(Recorded data)
------------
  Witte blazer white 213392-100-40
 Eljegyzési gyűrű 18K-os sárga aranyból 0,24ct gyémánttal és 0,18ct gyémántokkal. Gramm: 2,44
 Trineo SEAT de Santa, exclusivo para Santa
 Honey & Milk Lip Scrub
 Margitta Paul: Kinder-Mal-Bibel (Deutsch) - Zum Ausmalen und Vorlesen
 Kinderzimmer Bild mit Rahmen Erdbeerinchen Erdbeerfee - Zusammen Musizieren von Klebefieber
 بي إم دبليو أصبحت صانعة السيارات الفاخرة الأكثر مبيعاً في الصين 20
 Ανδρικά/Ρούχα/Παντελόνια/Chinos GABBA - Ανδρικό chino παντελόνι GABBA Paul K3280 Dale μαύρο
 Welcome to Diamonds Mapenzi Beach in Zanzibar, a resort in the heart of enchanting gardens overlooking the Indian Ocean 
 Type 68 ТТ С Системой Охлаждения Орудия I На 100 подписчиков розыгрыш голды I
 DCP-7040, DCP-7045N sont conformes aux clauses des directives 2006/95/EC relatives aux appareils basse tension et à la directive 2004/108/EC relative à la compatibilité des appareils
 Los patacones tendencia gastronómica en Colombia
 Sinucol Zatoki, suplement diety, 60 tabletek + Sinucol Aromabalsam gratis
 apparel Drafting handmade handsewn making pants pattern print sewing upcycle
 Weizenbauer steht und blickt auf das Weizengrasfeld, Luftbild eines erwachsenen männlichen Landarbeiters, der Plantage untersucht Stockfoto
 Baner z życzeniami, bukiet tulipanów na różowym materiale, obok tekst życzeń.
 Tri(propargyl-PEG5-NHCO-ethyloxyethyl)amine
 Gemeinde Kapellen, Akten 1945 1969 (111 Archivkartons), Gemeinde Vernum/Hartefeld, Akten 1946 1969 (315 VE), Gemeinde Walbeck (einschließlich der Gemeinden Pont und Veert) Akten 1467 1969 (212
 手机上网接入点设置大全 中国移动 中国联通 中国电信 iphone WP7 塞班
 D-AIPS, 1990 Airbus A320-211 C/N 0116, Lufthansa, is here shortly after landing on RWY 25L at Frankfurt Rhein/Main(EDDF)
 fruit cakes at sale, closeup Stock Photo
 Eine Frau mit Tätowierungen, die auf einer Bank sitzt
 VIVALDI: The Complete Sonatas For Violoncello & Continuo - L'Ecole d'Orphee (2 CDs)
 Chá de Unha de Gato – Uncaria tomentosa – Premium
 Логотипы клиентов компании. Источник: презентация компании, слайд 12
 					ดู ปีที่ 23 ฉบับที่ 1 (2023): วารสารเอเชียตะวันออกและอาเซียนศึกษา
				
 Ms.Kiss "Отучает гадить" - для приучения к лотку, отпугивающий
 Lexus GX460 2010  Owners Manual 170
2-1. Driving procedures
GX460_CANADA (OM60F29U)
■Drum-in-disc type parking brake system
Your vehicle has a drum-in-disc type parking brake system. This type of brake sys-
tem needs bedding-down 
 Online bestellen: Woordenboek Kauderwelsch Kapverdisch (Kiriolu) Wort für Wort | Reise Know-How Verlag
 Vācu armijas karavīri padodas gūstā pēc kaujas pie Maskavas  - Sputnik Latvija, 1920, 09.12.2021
------------
* **Task brief**: Retype the records above exactly.

* **Exercise output**:
  Witte blazer white 213392-100-40
 Eljegyzési gyűrű 18K-os sárga aranyból 0,24ct gyémánttal és 0,18ct gyémántokkal. Gramm: 2,44
 Trineo SEAT de Santa, exclusivo para Santa
 Honey & Milk Lip Scrub
 Margitta Paul: Kinder-Mal-Bibel (Deutsch) - Zum Ausmalen und Vorlesen
 Kinderzimmer Bild mit Rahmen Erdbeerinchen Erdbeerfee - Zusammen Musizieren von Klebefieber
 بي إم دبليو أصبحت صانعة السيارات الفاخرة الأكثر مبيعاً في الصين 20
 Ανδρικά/Ρούχα/Παντελόνια/Chinos GABBA - Ανδρικό chino παντελόνι GABBA Paul K3280 Dale μαύρο
 Welcome to Diamonds Mapenzi Beach in Zanzibar, a resort in the heart of enchanting gardens overlooking the Indian Ocean 
 Type 68 ТТ С Системой Охлаждения Орудия I На 100 подписчиков розыгрыш голды I
 DCP-7040, DCP-7045N sont conformes aux clauses des directives 2006/95/EC relatives aux appareils basse tension et à la directive 2004/108/EC relative à la compatibilité des appareils
 Los patacones tendencia gastronómica en Colombia
 Sinucol Zatoki, suplement diety, 60 tabletek + Sinucol Aromabalsam gratis
 apparel Drafting handmade handsewn making pants pattern print sewing upcycle
 Weizenbauer steht und blickt auf das Weizengrasfeld, Luftbild eines erwachsenen männlichen Landarbeiters, der Plantage untersucht Stockfoto
 Baner z życzeniami, bukiet tulipanów na różowym materiale, obok tekst życzeń.
 Tri(propargyl-PEG5-NHCO-ethyloxyethyl)amine
 Gemeinde Kapellen, Akten 1945 1969 (111 Archivkartons), Gemeinde Vernum/Hartefeld, Akten 1946 1969 (315 VE), Gemeinde Walbeck (einschließlich der Gemeinden Pont und Veert) Akten 1467 1969 (212
 手机上网接入点设置大全 中国移动 中国联通 中国电信 iphone WP7 塞班
 D-AIPS, 1990 Airbus A320-211 C/N 0116, Lufthansa, is here shortly after landing on RWY 25L at Frankfurt Rhein/Main(EDDF)
 fruit cakes at sale, closeup Stock Photo
 Eine Frau mit Tätowierungen, die auf einer Bank sitzt
 VIVALDI: The Complete Sonatas For Violoncello & Continuo - L'Ecole d'Orphee (2 CDs)
 Chá de Unha de Gato – Uncaria tomentosa – Premium
 Логотипы клиентов компании. Источник: презентация компании, слайд 12
 					ดู ปีที่ 23 ฉบับที่ 1 (2023): วารสารเอเชียตะวันออกและอาเซียนศึกษา
				
 Ms.Kiss "Отучает гадить" - для приучения к лотку, отпугивающий
 Lexus GX460 2010  Owners Manual 170
2-1. Driving procedures
GX460_CANADA (OM60F29U)
■Drum-in-disc type parking brake system
Your vehicle has a drum-in-disc type parking brake system. This type of brake sys-
tem needs bedding-down 
 Online bestellen: Woordenboek Kauderwelsch Kapverdisch (Kiriolu) Wort für Wort | Reise Know-How Verlag
 Vācu armijas karavīri padodas gūstā pēc kaujas pie Maskavas  - Sputnik Latvija, 1920, 09.12.2021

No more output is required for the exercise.